When an API receives more traffic than it can handle, it will crash and be unavailable until someone manually brings it back online. This is referred to as downtime. One of the most important aspects of maintaining a production application is minimizing downtime.
Downtime can arise due to certain crucial parts of your app breaking, thereby bringing down the whole system. For instance, if the database crashes, your application will no longer be able to properly service most requests. The best way to minimize this is to have data about running servers, giving us room to react before anything goes wrong.
The most efficient way to achieve metrics tracking is via third party tools such as the TICK stack (Telegraf, InfluxDB, Capacitor and Kronograf), Sentry and Prometheus. However, each of these tools requires a lot of time investment in order to consistently track and maintain.
A simpler way to track an API is to create a single route that responds with a simple “UP” or “DOWN” message to indicate whether key parts of our application are working or not. This could be useful when debugging often cryptic client-side errors.
For example, rather than a simple 500 error message, an authorized user has additional details about errors being experienced by the server. It also gives us room to react to a server that is ‘unhealthy’ (i.e. in need of attention) but not necessarily ‘down’.
Why create a health-check route?
The most compelling reason to have a health-check route is in order to provide an API-accessible way to determine how ‘healthy’ the API is. This information could then be used in different ways:
- Feed it to platforms like Statuspage.io to create automated incident reports.
- Used by a load balancer to determine whether to route traffic to an instance or not,
- By client apps to determine what kind of error messages to display to users.
- By developers to debug server-side errors from the route level
Tools like Prometheus have their place in a production environment, and should probably be used to some degree. However, they are usually a huge undertaking – from configuration to maintenance – so many developers tend to avoid them or aren’t very consistent in their use.

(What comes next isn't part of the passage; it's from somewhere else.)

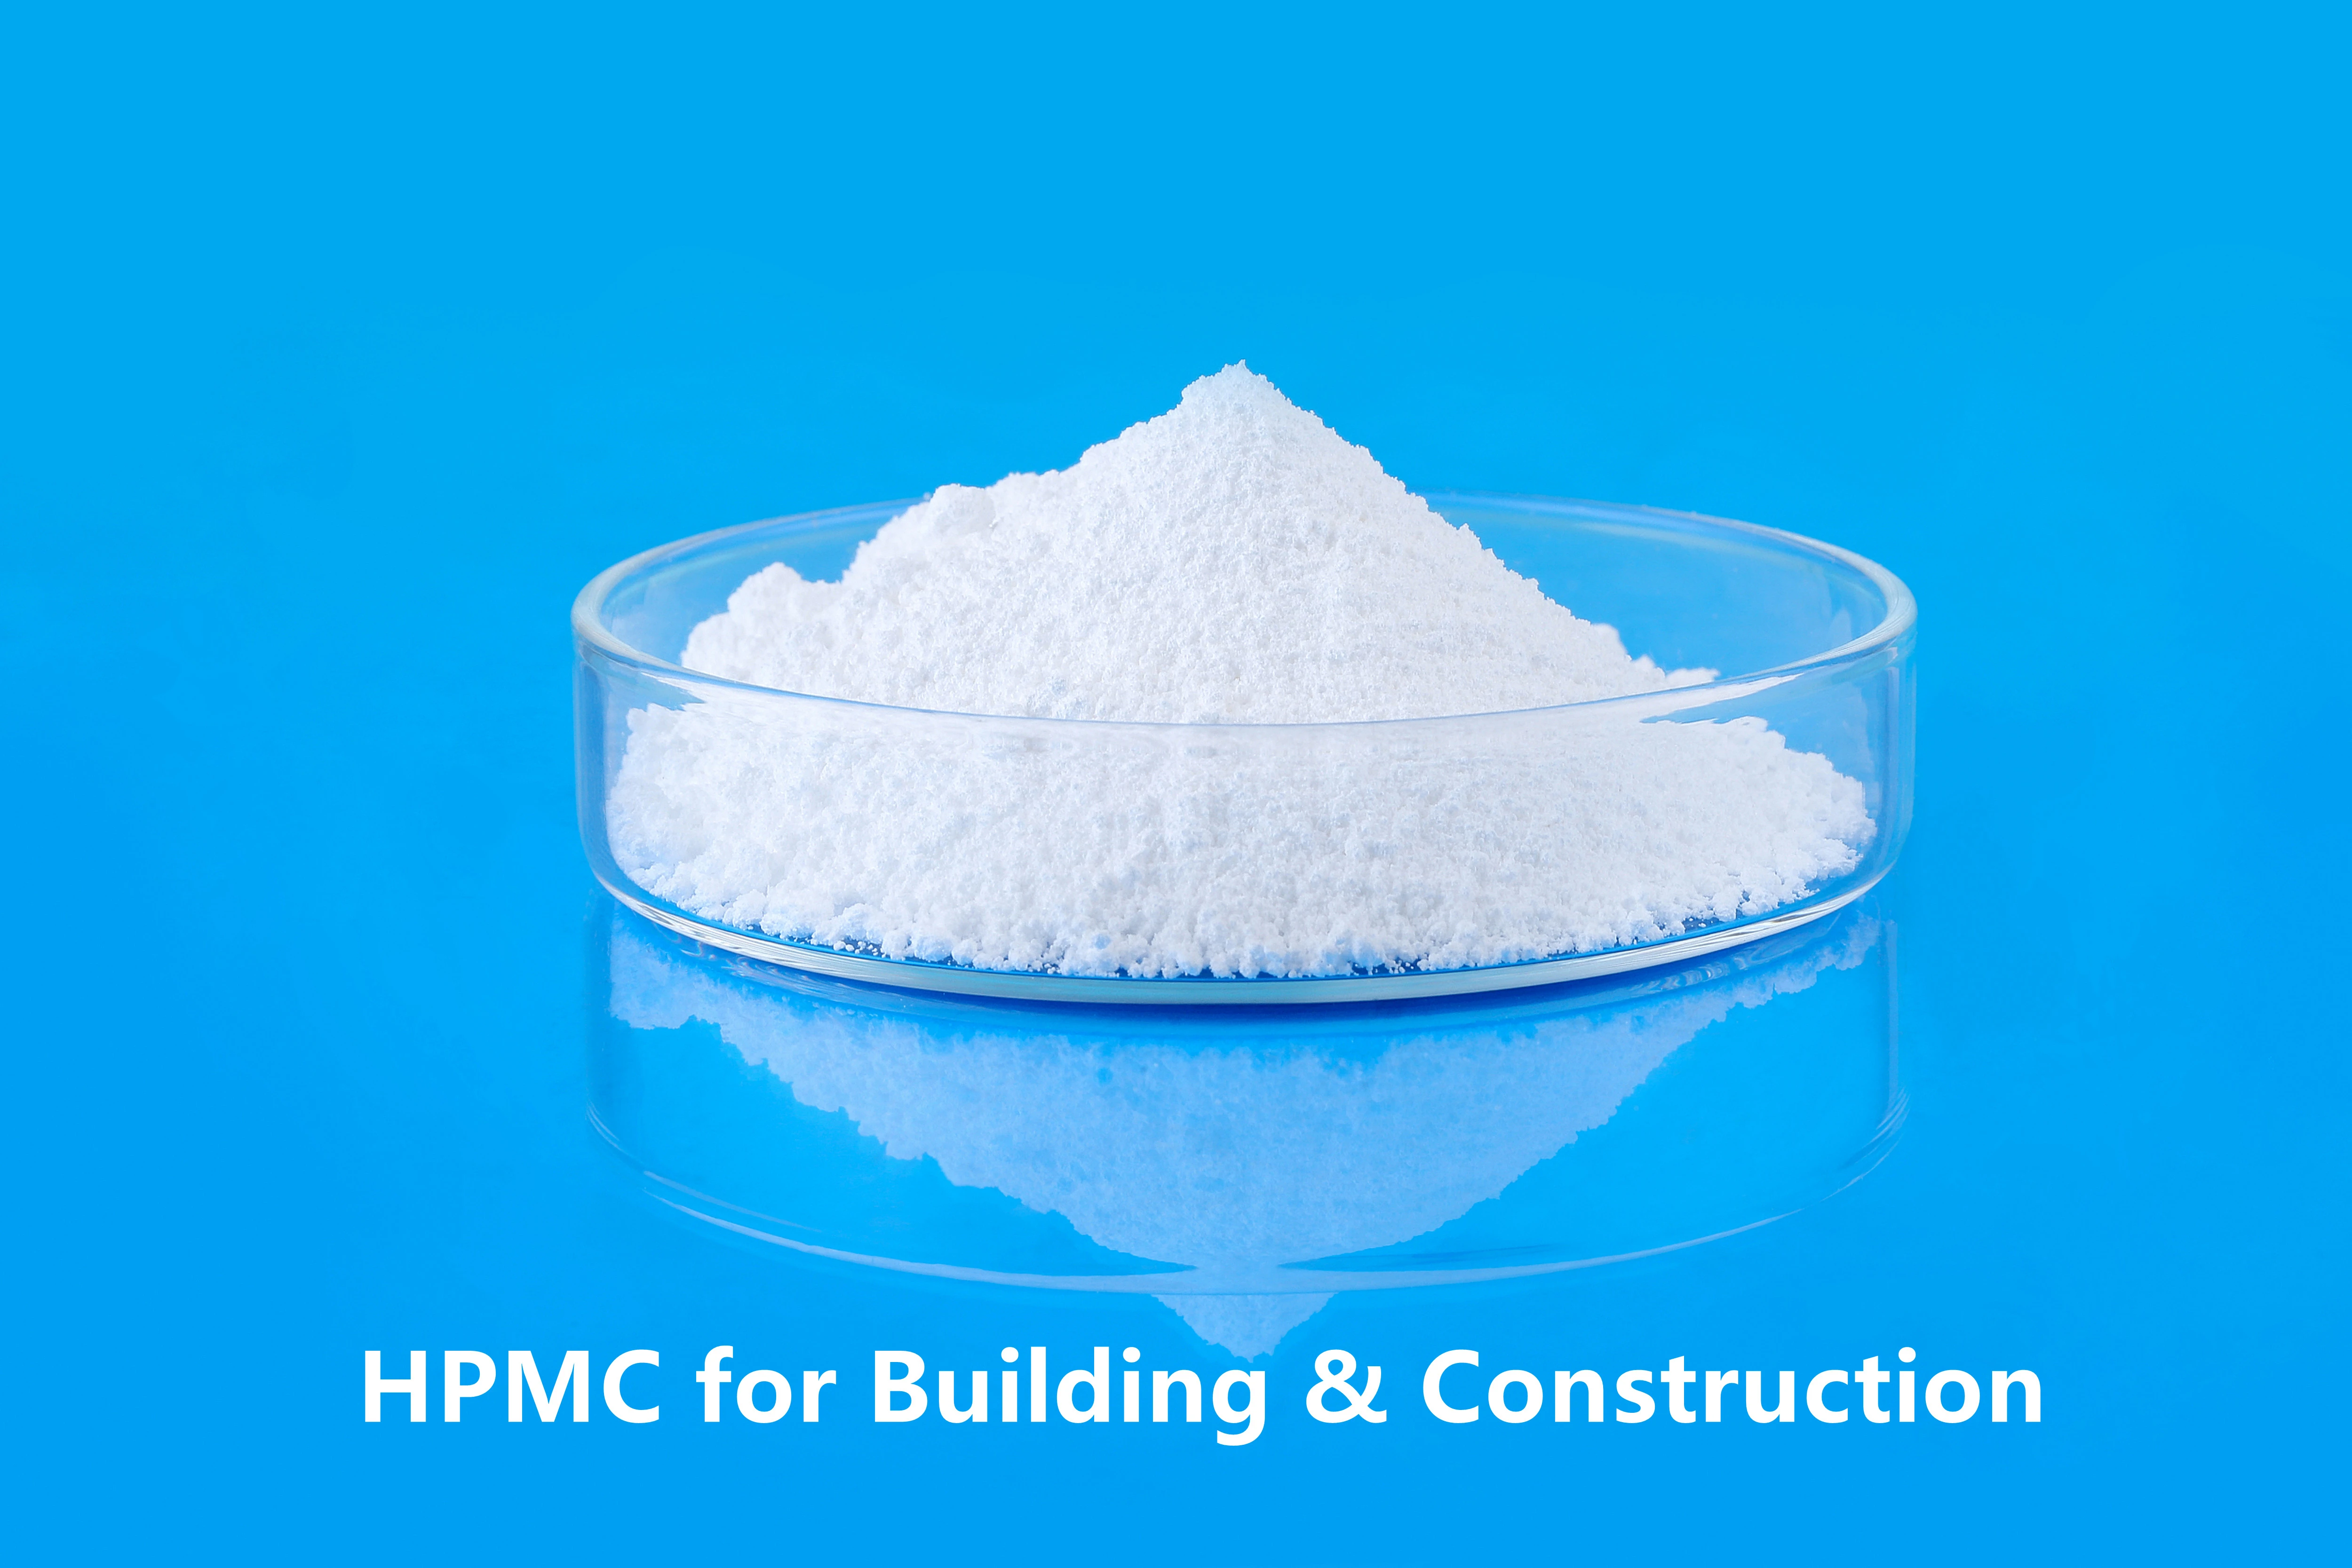 HPMC for Building & Construction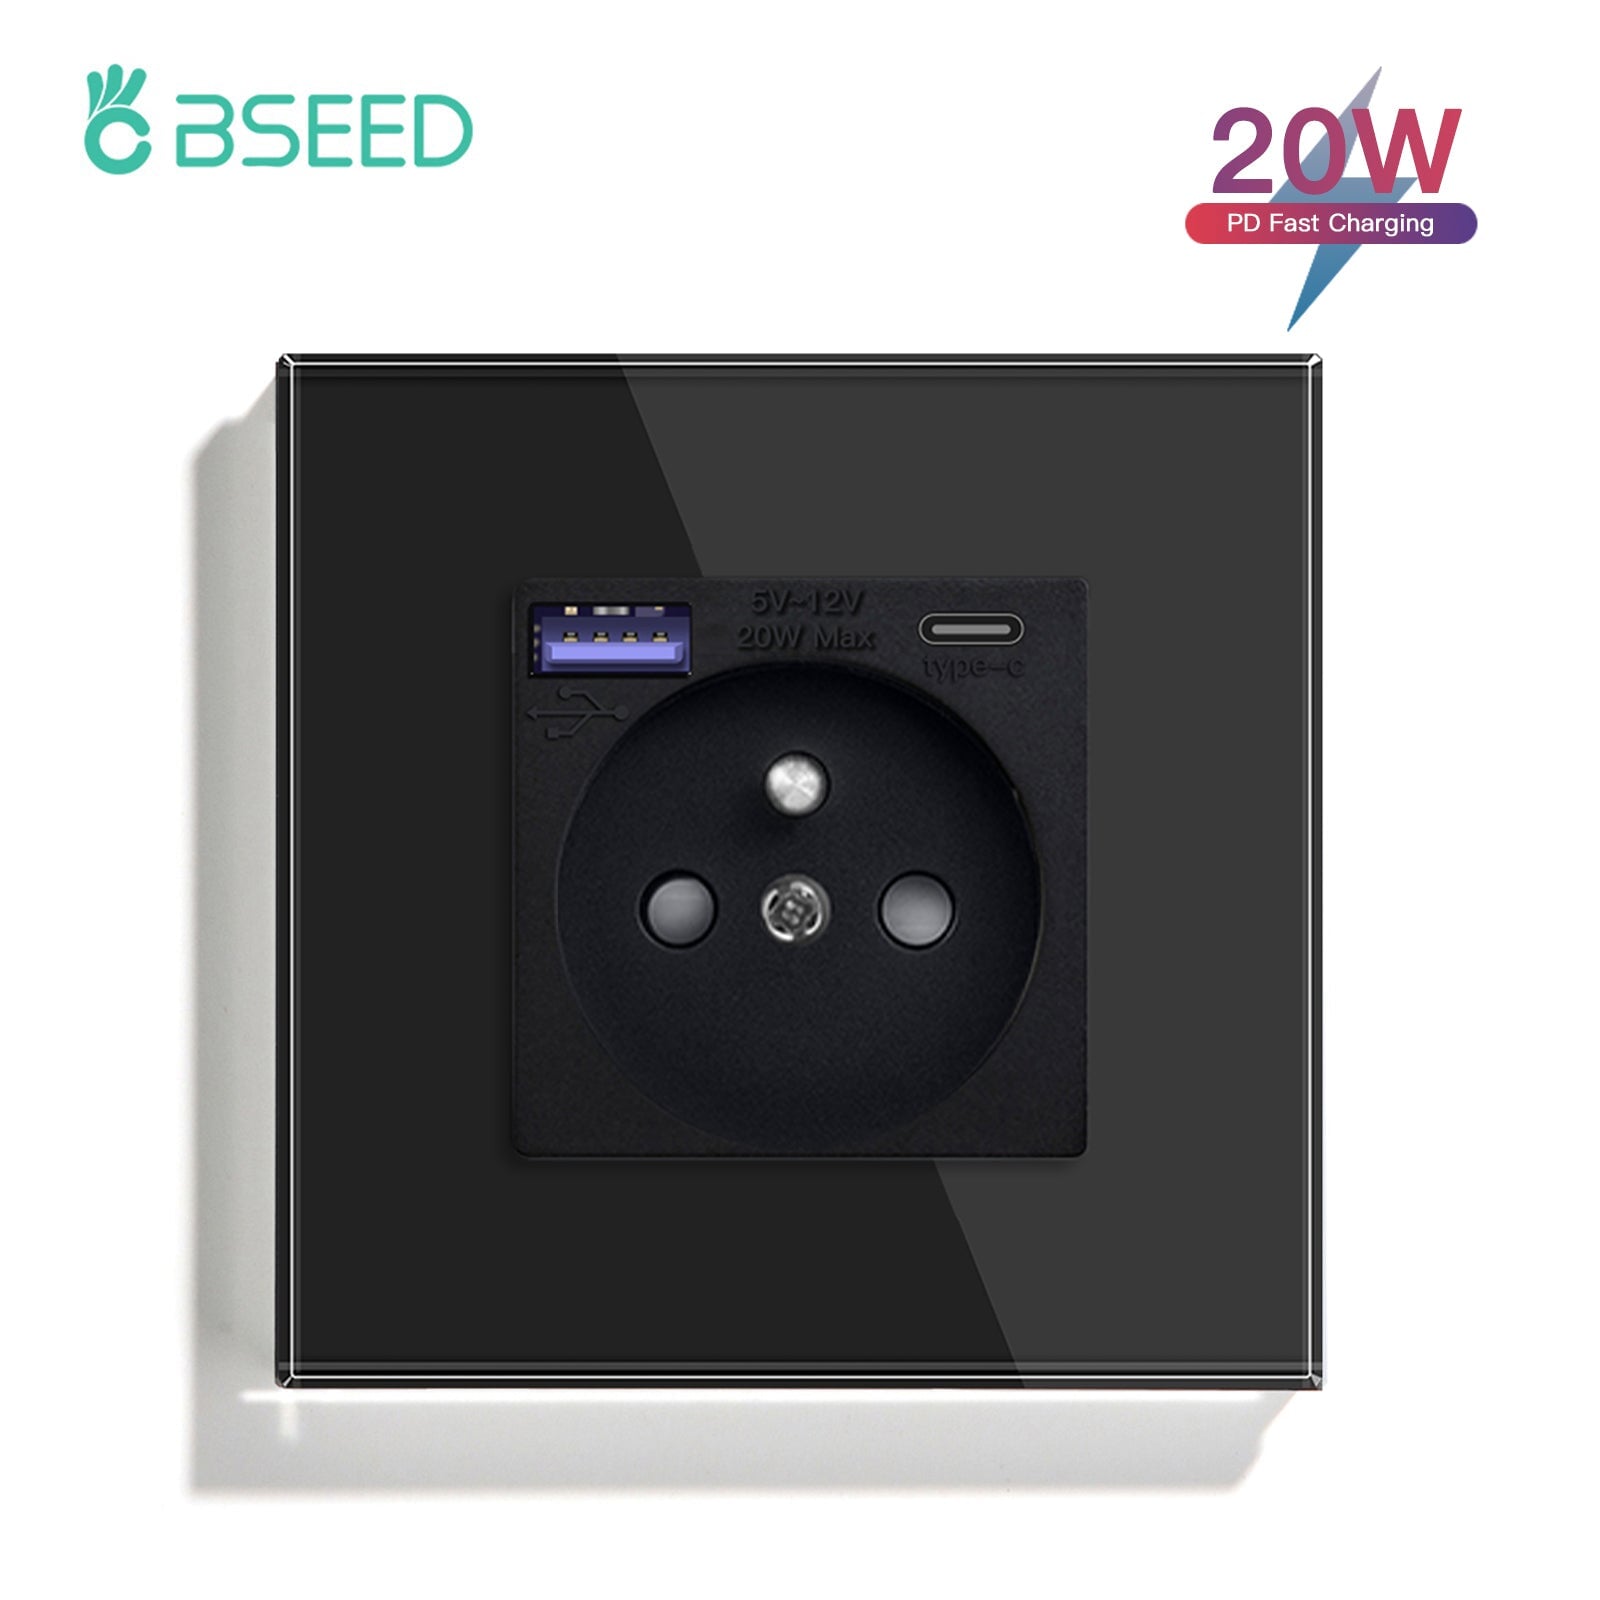 BSEED FR sockets with 20W PD Fast Charge Type-C Interface Outlet Wall Socket Power Outlets & Sockets Bseedswitch Black Signle

Nonetheless, shipping an application without an uptime/downtime-monitoring service shouldn’t isn’t a great option to pick.
A health-check route is a simple compromise that can either be built on top of or scrapped for a more mature and robust solution at later stages. The goal here isn’t to create a fully-fledged status monitoring system for your API. Rather, it’s to enforce some level of monitoring early into an application. Some monitoring is better than none at all.
How it works
Your server’s health could depend on any number of metrics. Slow response and long query times are good indicators of an ‘unhealthy’ server, for example.
In this guide, we will first focus on simple core metrics such as whether your database accepts connections or not, and get to more complicated issues like query times later on. Services such as redis instances and other microservices can be handled in a similar fashion, but we won’t cover those here.
We’re going to create a single route that is responsible for collecting any data from the underlying server and returning an appropriate response.
If you’re confident with your Nginx prowess, you could also implement the same using extensions. This has the benefit of providing data directly to the load balancer, rather than on isolated instances.
Monitoring Database Metrics
The database is the holy grail of your application, making it the most important part of your stack to monitor and analyze. Different databases will have different monitoring requirements, and for this guide, we’re going to concentrate on Postgres.
A lot of functionality can be optionally enabled using Postgres extensions. When enabled, pg_stat_statements silently records queries run against your database, strips out some variables from them and saves useful information about each query, e.g. query time, affected rows and the query itself.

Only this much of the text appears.